* **Exercise data**:
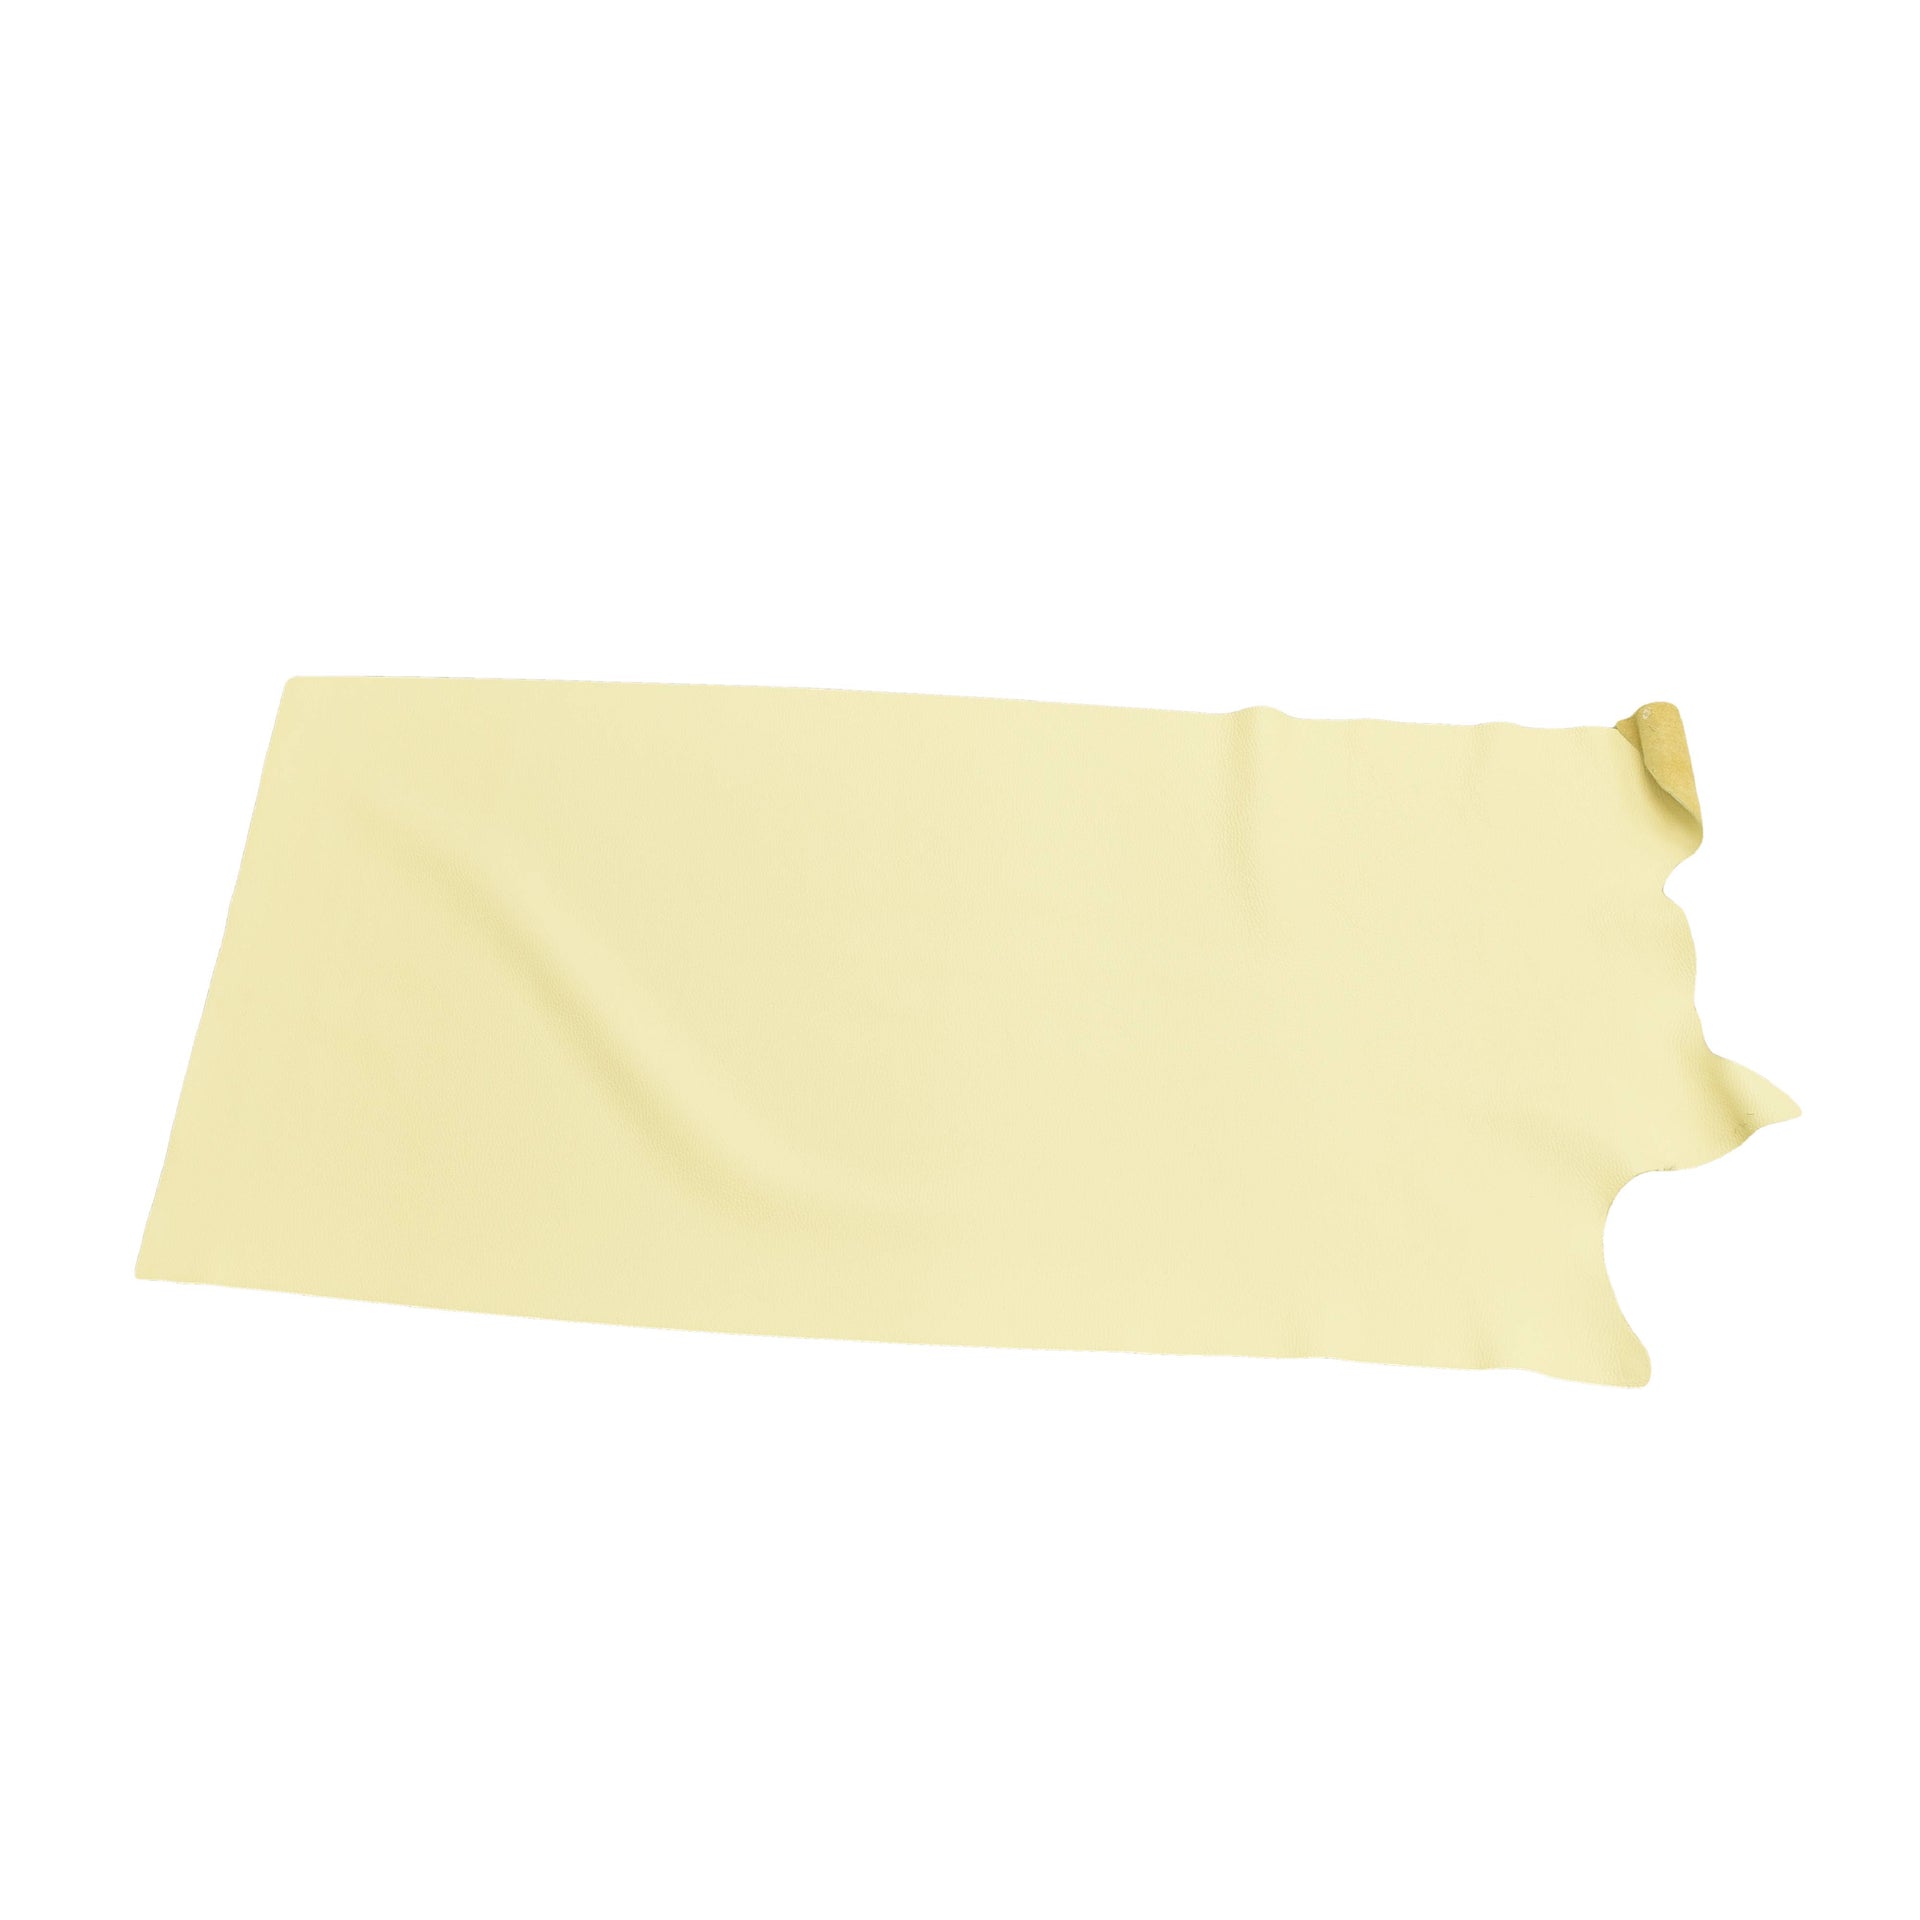 Montana Mellow Yellow Tried n True 3-4 oz Leather Cow Hides, 6.5-7.5 Square Foot / Project Piece (Middle) | The Leather Guy
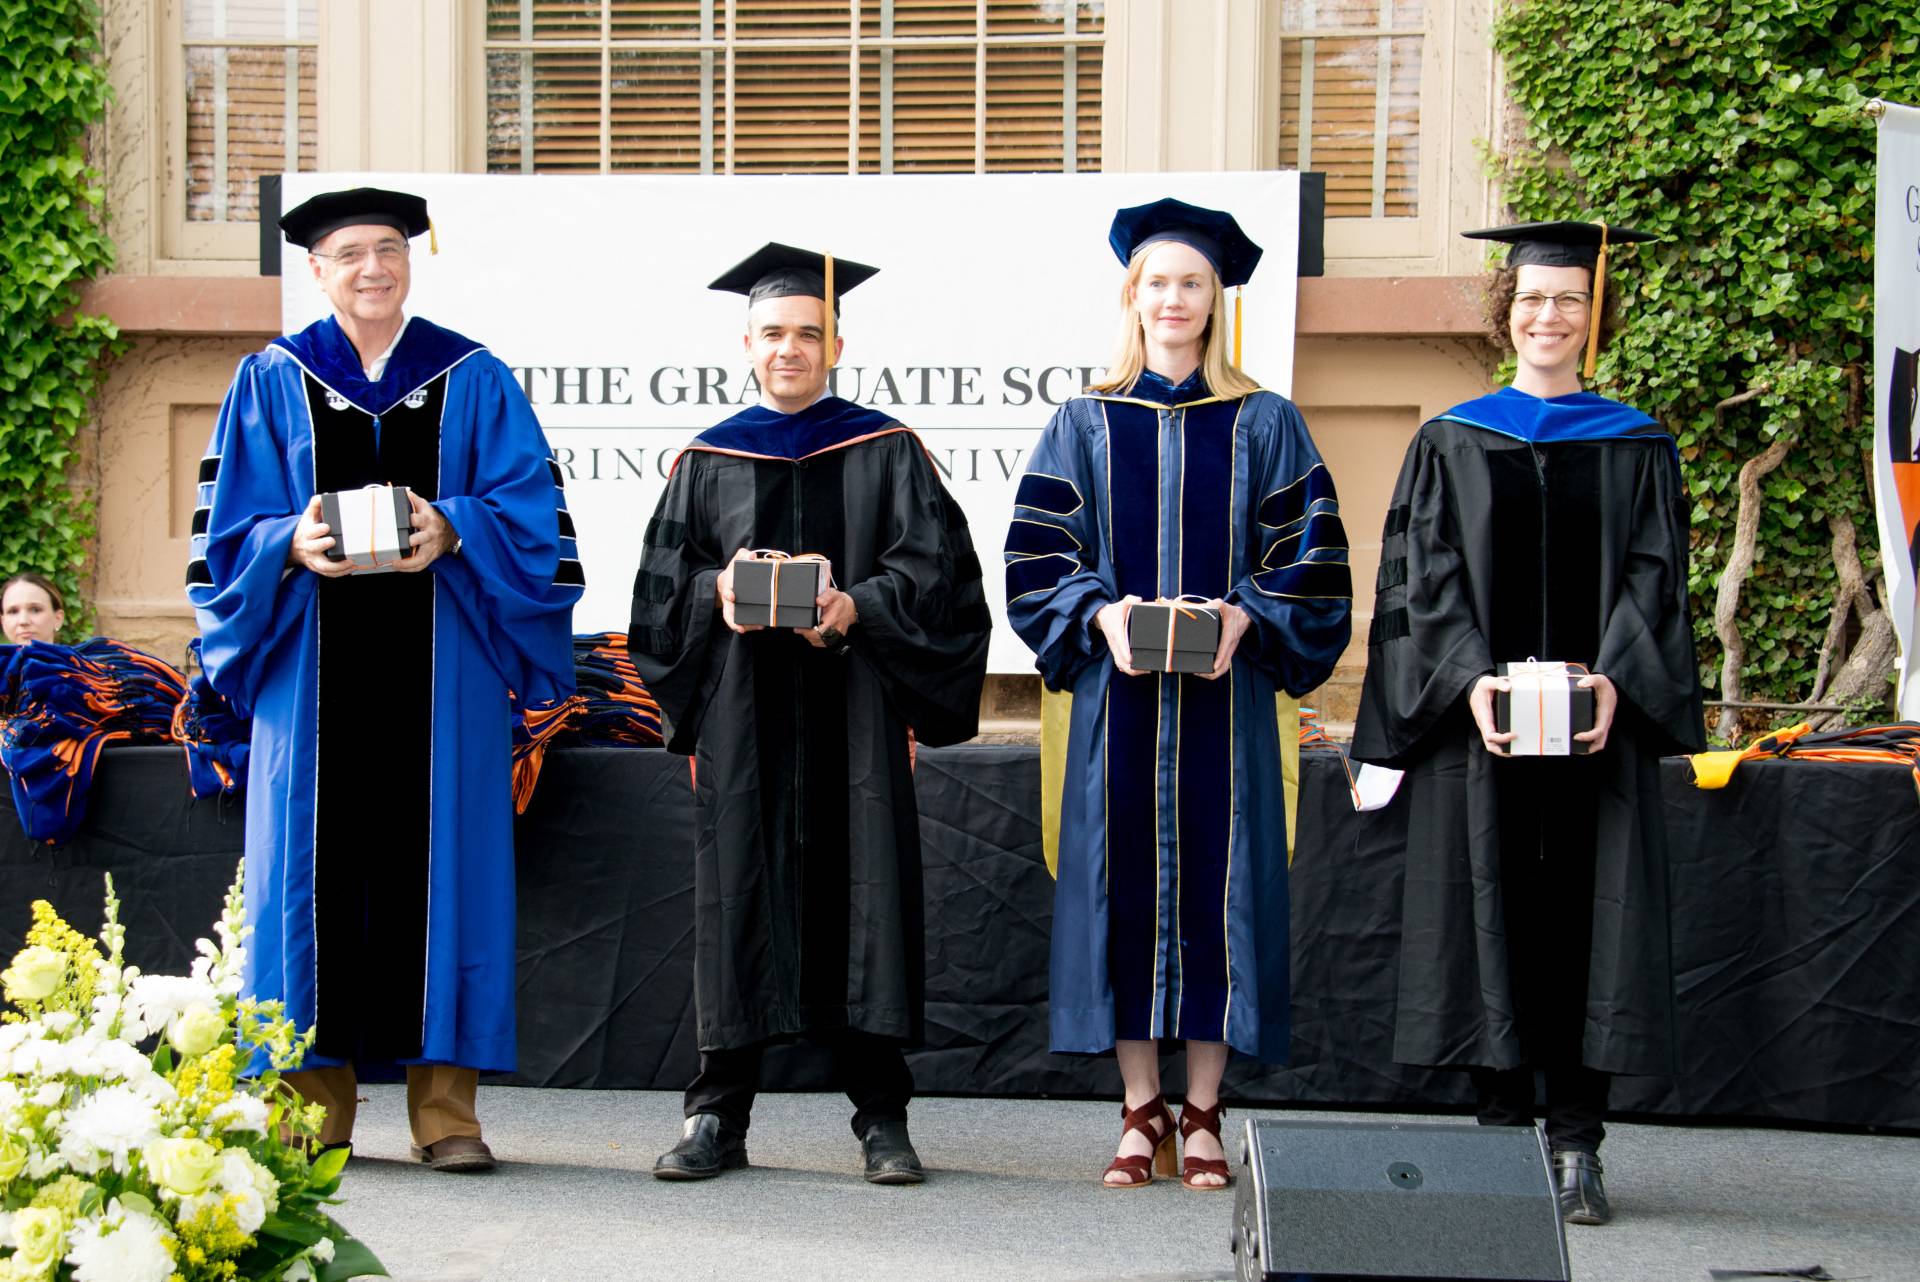 Graduate Mentoring Awards recipients at Hooding Ceremony stand together on stage
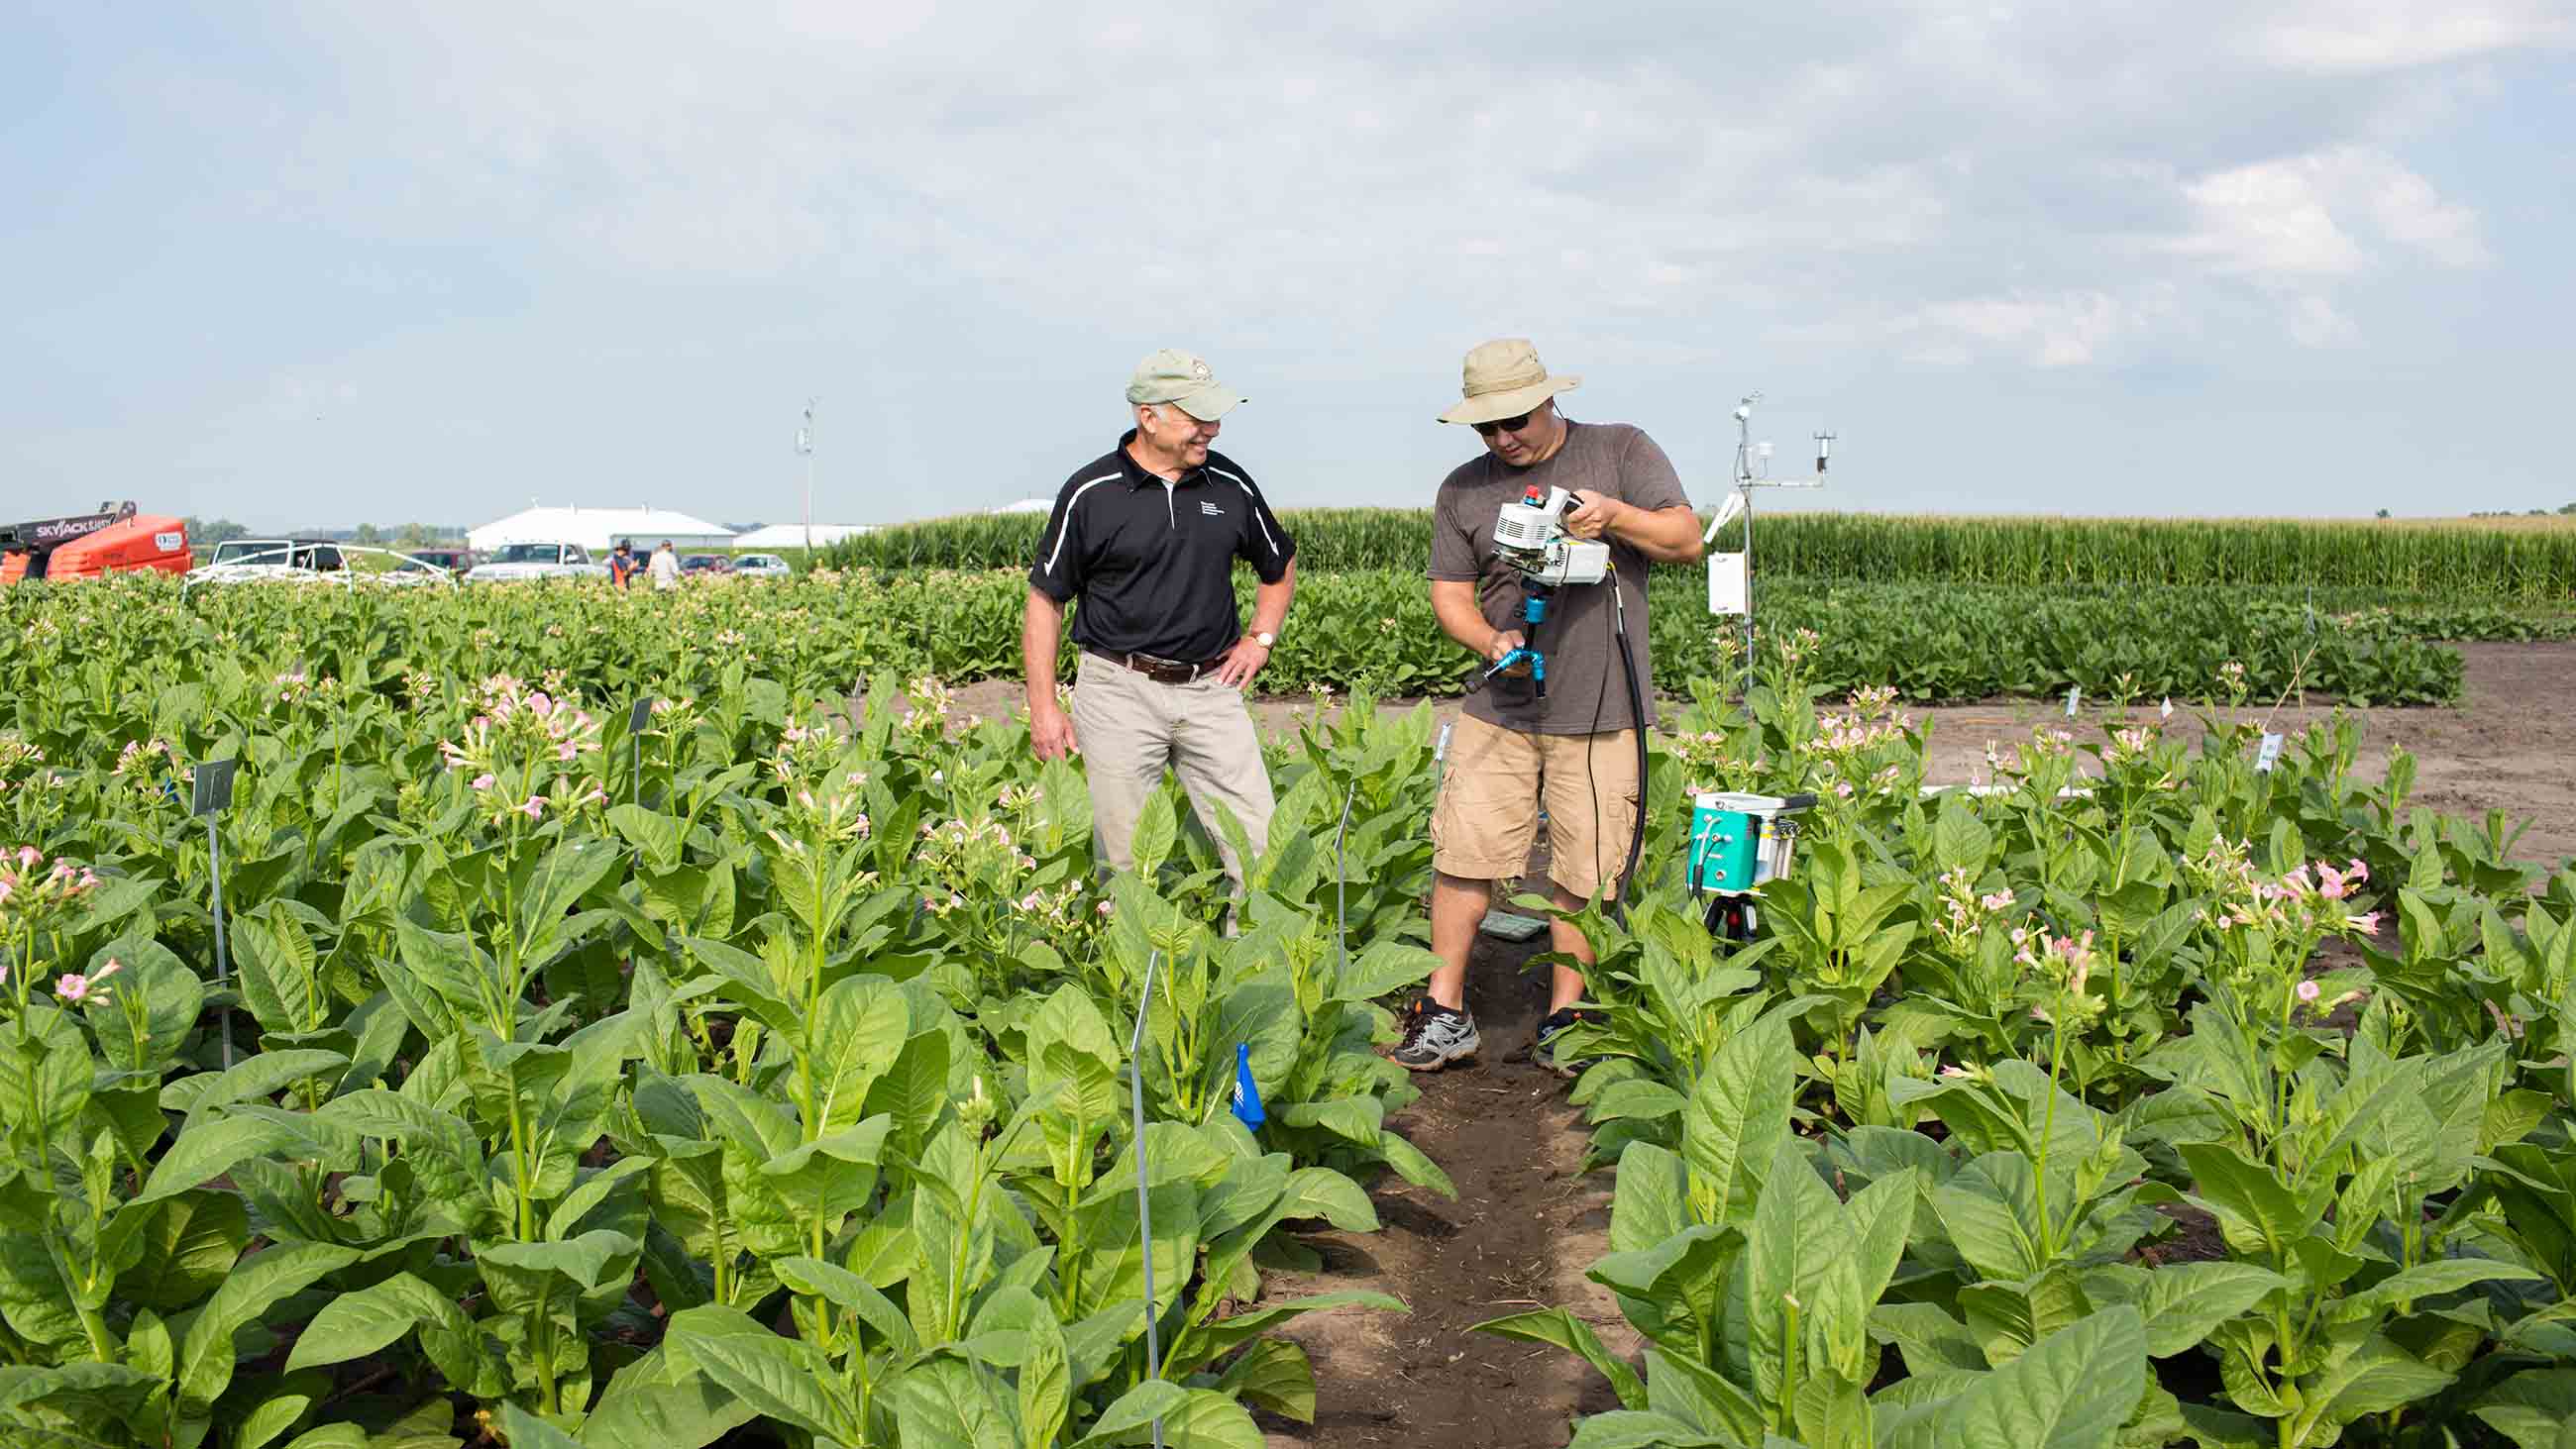 Don Ort and Paul South stand in tobacco field trial.

* **Activity**: Retype the data word for word, please, and keep the images out.

* **Output**:
 Montana Mellow Yellow Tried n True 3-4 oz Leather Cow Hides, 6.5-7.5 Square Foot / Project Piece (Middle) | The Leather Guy
 Graduate Mentoring Awards recipients at Hooding Ceremony stand together on stage
 Don Ort and Paul South stand in tobacco field trial.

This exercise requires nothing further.